Went to a fish fry where fried fish were put in styrofoam box after cooking...lid on top. Obviously the fish would keep on cooking for a while. Also, steam made them soggy after a while.

How do you handle this situation to stop the fish from getting soggy,yet stay fairly warm for eating


----------



## FleaBag (Oct 19, 2016)

one of them heat lamps like the corner store fried chicken ladies use. not in a cooler.


----------



## Slowpokeriverrat (Mar 23, 2018)

Wire rack and cover with paper


----------



## Eglinhunter (Apr 1, 2012)

Vent the styrofoam with multiple fork stabbings


----------



## Telum Pisces (Sep 27, 2007)

Have everyone eat as it comes out the fryer! Works at my family fish fry gatherings. Have fixings all out and there's always room in the pan for more fish because it's eaten right up!


----------



## ChileRelleno (Jul 7, 2012)

Telum Pisces said:


> Have everyone eat as it comes out the fryer! Works at my family fish fry gatherings. Have fixings all out and there's always room in the pan for more fish because it's eaten right up!


Winner!


When we do big fish frys we usually have at least two fryers going at once, one for fish and one for fries/hushpuppies.
People load plates as it comes out, hot, fresh and crispy!
Also, don't forget to have a big salt shaker and to salt everything before the grease stops dripping.


----------



## Emerald Ghost (Mar 11, 2008)

layers of paper towels. works very well.


----------



## Catchemall (May 8, 2018)

You're right, it's the steam and grease. We do big fish fries for the residents at a local nursing home and line the bottom of a shallow cardboard box with paper towels and stand fillets on end, tail up after draining. Stack only one layer high and don't take them out until you're serving and they hold up well. You can throw a few paper towels over the top to keep the flies off if need be.


----------



## stevenattsu (Apr 24, 2009)

Get rid of that friend!! Problem solved!! Probably from up north anyway


----------



## halo1 (Oct 4, 2007)

We do have member here that loves bamboo steamed crappie!
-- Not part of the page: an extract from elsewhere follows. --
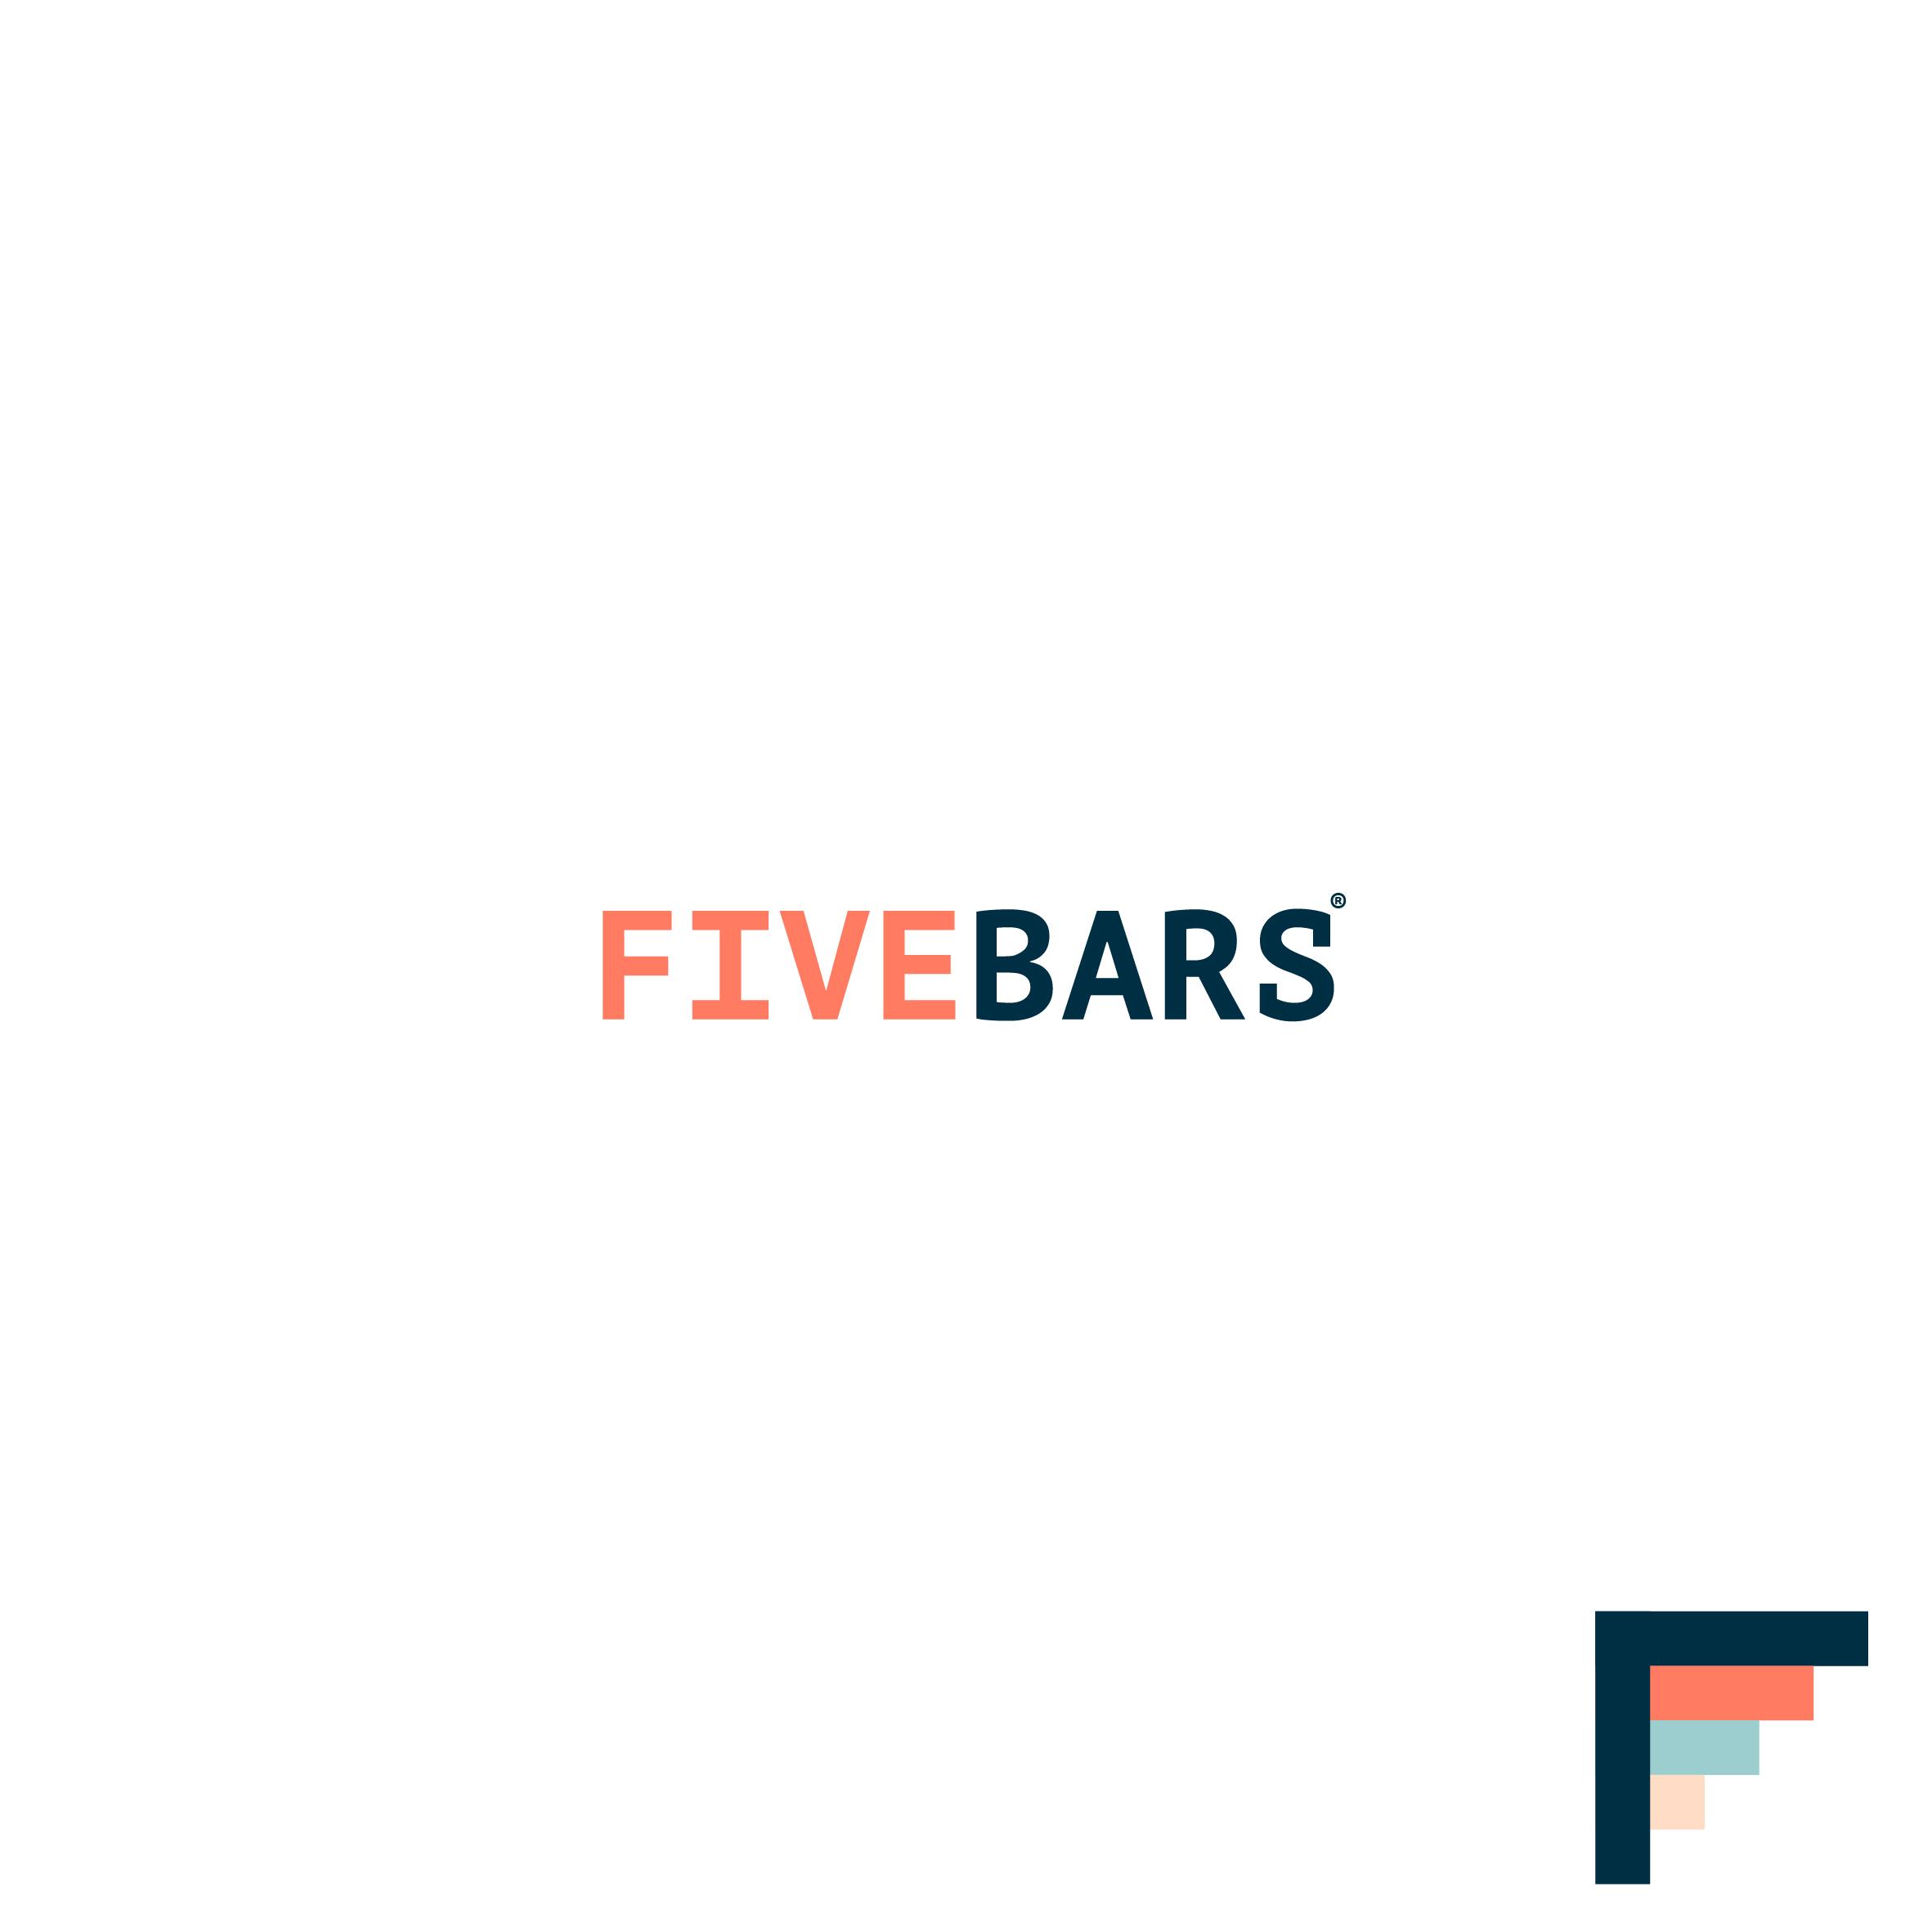 fivebars-02

Hopefully it wasn't this guy in charge of the fish fry:whistling:


----------



## fairpoint (May 9, 2013)

paper grocery bags lined with paper towels help...After the fish drains off excess oil transfer it into the paper sacks,this will keep it from soaking back up extra oil from the saturated towels....Works with bacon to....
But as mentioned before ,eat it as it comes out....


----------